The Eolith Controversy and Parsonage Farm, Hatham Green Lane

Extract below taken from The Kent Downs by Dan Tuson, published 2007 by Tempus. This book is in Longfield library.

Eolith description here on Wikipedia.

The Eolith Controversy
Eoliths were first described by Benjamin Harrison from the dipslopes of the North Downs in west Kent where they were found in large numbers over ploughland, embedded in the drift deposits of the plateau country. Harrison and his supporters, including the eminent geologist Professor Joseph Prestwich, maintained that these coarsely worked flits were the product of human manufacture of some ancient prehistoric society. Our present day knowledge of the Pliocene deposits in which they were found suggest a date of some 2-4 million years ago. One of the sites frequented by Harrison was Parsonage Farm near Stansted where, on 22 May 1865, he found a spread of worn gravel deposits.
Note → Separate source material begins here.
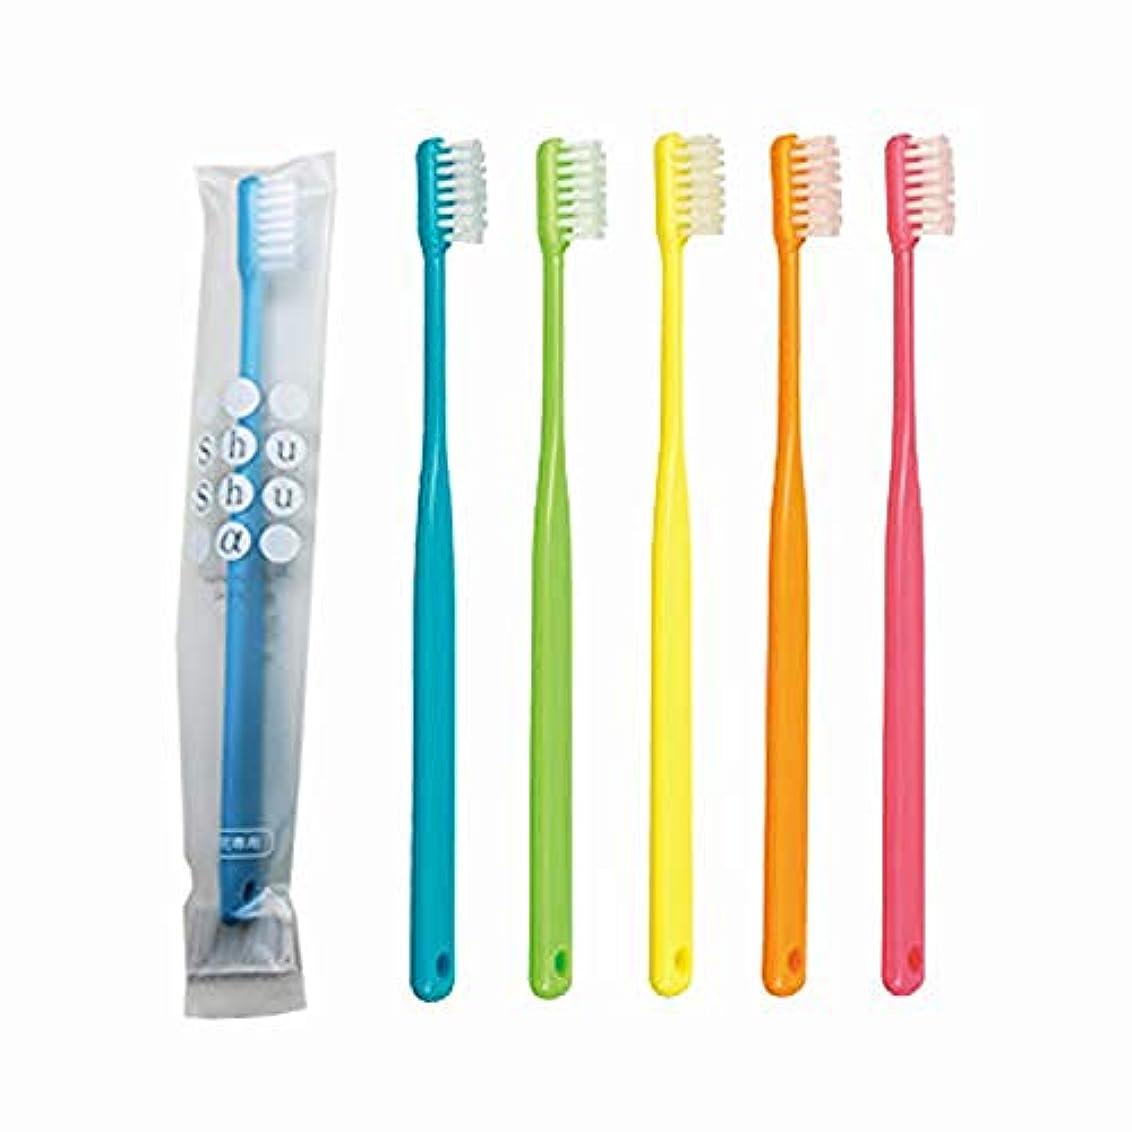 拡散するズボン部屋を掃除する歯科専売品 大人用歯ブラシ FEED Shu Shu α(シュシュアルファ)×10本 S (やわらかめ)

For many years Harrison and his associates visited the site and found many eoliths and other worked flints of the Neolithic period within these deposits.

Harrison's claim inspired a wealth of debate in the nineteenth and early twentieth centuries, with many geologists and antiquarians arguing that the stones were simply the result of natural flaking of flints as a result of sub-soil pressures. The debate continued for three decades and more and more evidence was discovered that suggested a purely natural origin for eoliths.